One of the strengths of AWK is column operation which makes column based manipulation of text files are easy. One such example as follows below. Example text is as follows:
$ cat test.txt
1:924024
1:924310
SAMD11 1:930353
SAMD11 1:930939
NOC2L 1:944858
NOC2L 1:946247
KLHL17 1:960891
KLHL17 1:961945
First two lines have no values in first column and each column is separated by tab.
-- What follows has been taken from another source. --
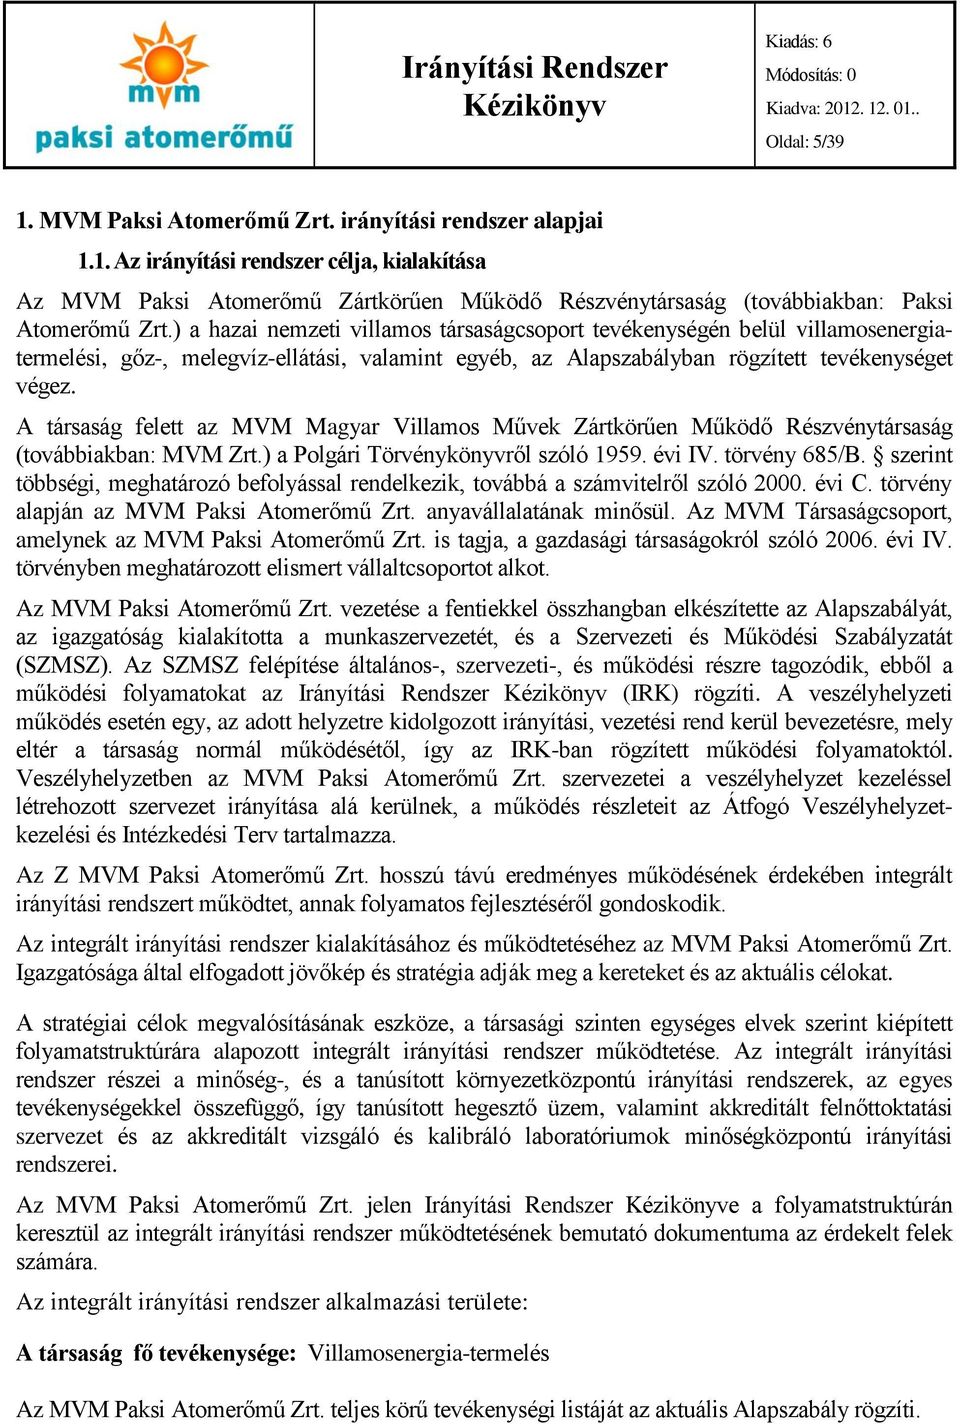 A társaság felett az MVM Magyar Villamos Művek Zártkörűen Működő Részvénytársaság (továbbiakban: MVM Zrt.) a Polgári Törvénykönyvről szóló 1959. évi IV. törvény 685/B.

User request is to fill it up with incremental numbers, followed by a text :na
. It is easy with awk as follows:
$ awk -F "\t" -v OFS="\t" '{if ($1=="") $1=NR":na"}1' test.txt
1:na 1:924024
2:na 1:924310
SAMD11 1:930353
SAMD11 1:930939
NOC2L 1:944858
NOC2L 1:946247
KLHL17 1:960891
KLHL17 1:961945
using ternary operator in awk:
$ awk -F "\t" -v OFS="\t" '{ ($1=="")? ($1=NR":na"):$1}1' test.txt
1:na 1:924024
2:na 1:924310
SAMD11 1:930353
SAMD11 1:930939
NOC2L 1:944858
NOC2L 1:946247
KLHL17 1:960891
KLHL17 1:961945
But what if user wants to number each and every line, but empty one being filled with na
$ awk -F "\t" -v OFS="\t" '{ ($1==" ")? ($1=NR":na"):($1=NR":"$1)}1' test.txt
1:na 1:924024
2:na 1:924310
3:SAMD11 1:930353
4:SAMD11 1:930939
5:NOC2L 1:944858
6:NOC2L 1:946247
7:KLHL17 1:960891
8:KLHL17 1:961945
Now this is easy. Right? But user wants a different way. All duplicated entries must have same numbering, while empty ones should have individual entries. It’s tricky. Without writing large code, I could not collapse rows, based on a column in awk. So I used datamash. I wish datamash had expand option for any given column just the way they have group based collapse.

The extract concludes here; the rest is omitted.